Mr. Renner, a former Republican speaker of the Florida House, said he had not found Dr. Ono to be sincere. He cited Dr. Ono’s signing of a letter in April, endorsed by more than 600 college presidents, that opposed “undue government intrusion” into higher education. But Dr. Ono took his name off the letter as his candidacy for the Florida position became public, Mr. Renner said. No Florida university president signed the letter.
Higher education, Mr. Renner said, “can’t operate where there’s this heavy-handed, ideological orthodoxy lording over people.”

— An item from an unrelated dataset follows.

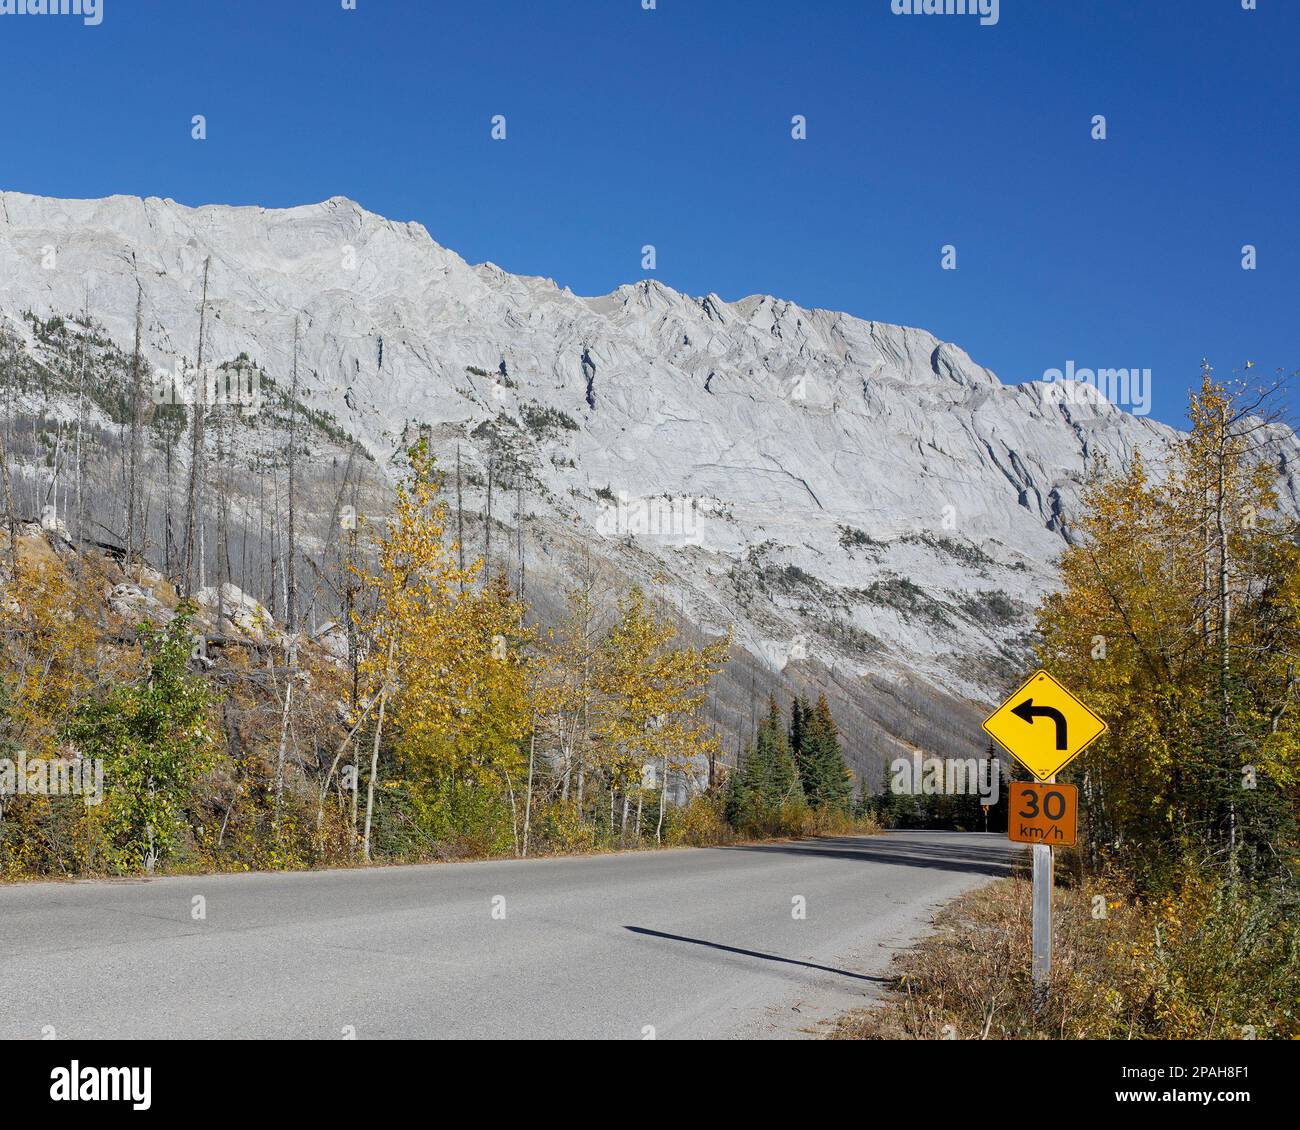 Signalisation routière avec limite de vitesse de 30 km/h et avertissement pour la courbe à venir sur une route à travers les montagnes avec ciel bleu dans le parc national Jasper, Canada Banque D'Images

Many conservatives welcomed the rejection, especially those who saw Dr. Ono as an establishment type who would not bring revolutionary change to higher education. The activist Christopher Rufo had argued that Dr. Ono would “almost certainly buckle to the prevailing culture of academia and make the Sunshine State a haven of wokeness once again.”
But to many faculty members, it was the Board of Governors that was politicizing higher education.
Danaya Wright, a recent chair of the University of Florida Faculty Senate, said Dr. Ono would have represented much-needed stability for the institution. He would have replaced Ben Sasse, a former Nebraska senator who abruptly resigned last summer.
“All of this culture-war stuff is a tiny, tiny, tiny piece of what an institution is,” Dr. Wright said.
Meanwhile, back in Michigan, the news of Dr. Ono’s failed bid elicited delight among some who felt betrayed by him.
Silke Maria Weineck, a professor at Michigan, has become a frequent critic from the left of Dr. Ono’s leadership. On Tuesday, she listened to the Board of Governors hearing while she was on a road trip to South Dakota.
She said she had jeered as Dr. Ono, who once decried systemic racism and recited land acknowledgments in Michigan, stumbled during the hearing. Even so, she expressed worry about the process.
“There’s a level of hypocrisy on the right in the discourse about free speech, and viewpoint diversity and intellectual freedom, that’s just belied by everything they do,” Dr. Weineck said in an interview. “You cannot hire a leader and then bind his hands like that and say, ‘You must believe this, you must believe that.’”
Stephanie Saul contributed reporting.
Vimal Patel writes about higher education with a focus on speech and campus culture.